The JD sign might be significantly associated with inferior clinical outcomes and higher SBC recurrence following BMS for cystic OLT. For those patients with the maximal vertical diameter of the cyst >5.4 mm and with JD signs, BMS may not be an appropriate option.

Keywords

ankle arthroscopy osteochondral lesion of the talus bone marrow stimulation cystic lesion magnetic resonance imaging

Osteochondral lesions of the talus (OLTs) occur in up to 65% of ankle sprains or fractures, and its treatment remains a difficult enigma due to its histologic structure and susceptibility to injury from shear forces.¹² Bone marrow stimulation (BMS) is the most commonly performed surgery for OLTs <100 to 150 mm². However, 10% to 35% of patients with OLT still experience pain and have limited improvement after BMS.¹⁸ To address this issue, a better understanding of prognostic factors is imperative.
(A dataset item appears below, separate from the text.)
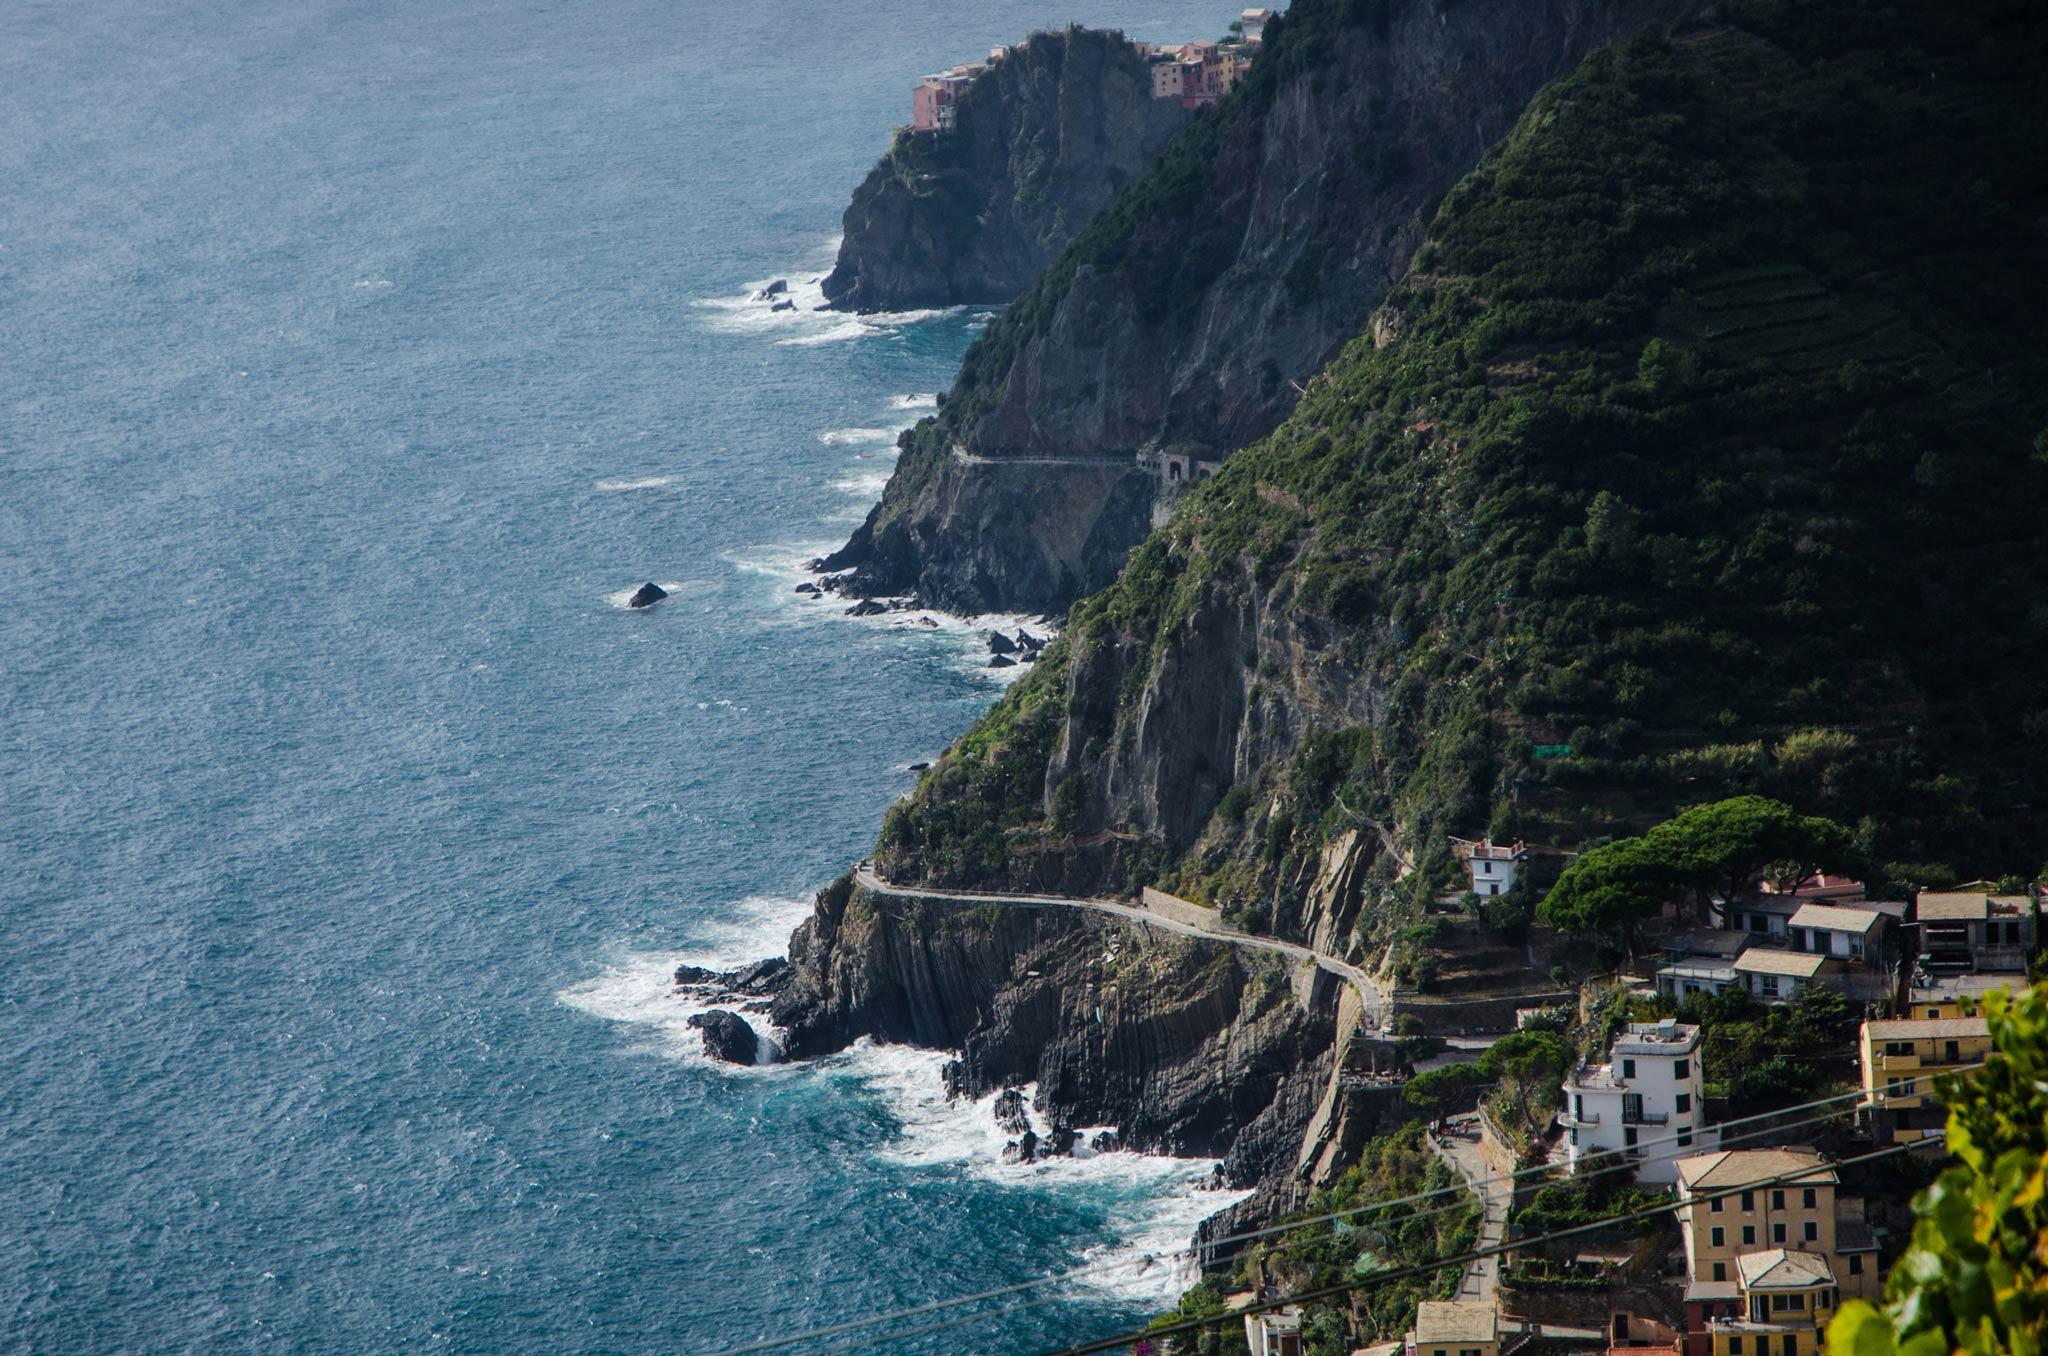 Paesaggi-Italia - Montagne Riomaggiore Cinque Terre Liguria - Riomaggiore_Cinque-Terre_Liguria - Riomaggiore_Cinque-Terre_Liguria

OLTs with subchondral bone cysts (SBCs), indicating a number of histologic abnormalities including trabeculae damage, bone marrow fibrosis, and necrosis,⁶ account for 29% to 46% of chronic OLTs.¹⁶ The debridement followed by BMS is expected to create fibrocartilage to replace the cystic OLTs. However, it was reported that about 35% of patients with cystic OLT suffered from cyst recurrence with limited symptom relief during a minimum follow-up of 2 years.⁴ In the current clinical dilemma, it was considered that patients with cyst recurrence after BMS may have some common characteristics. Lesion depth has been noted to correlate with the prognosis, but the ideal depth for BMS of an OLT remains controversial. The cutoffs of both 5 mm and 7.8 mm were reported.^2,8 These varying results might be attributable to the heterogeneity of histologic structure around OLT. Combining lesion size with subchondral bone characteristics should be a promising strategy to develop more precise surgical indications, but there are few reports. In addition, there is a paucity of studies including objective imaging evaluation to assess prognosis of BMS,⁹ including cyst recurrence and cartilage repair. In the preoperative magnetic resonance imaging (MRI) of some patients with postoperative cyst recurrence, we initially observed a visible area of bone abnormality (≥1 speckle-like area of elevated signals higher than the surrounding bone marrow edema [BME]) around the cyst on the proton density (PD)–weighted image. We define this sign as the “jumping dot” sign (JD sign) based on its morphological characteristics on preoperative MRI. Depending on its location and imaging characteristics, this sign may be related to the metabolism of cystic lesions^6,13 and thus may have the value of predicting efficacy and clinical prognosis, which has not been systematically studied.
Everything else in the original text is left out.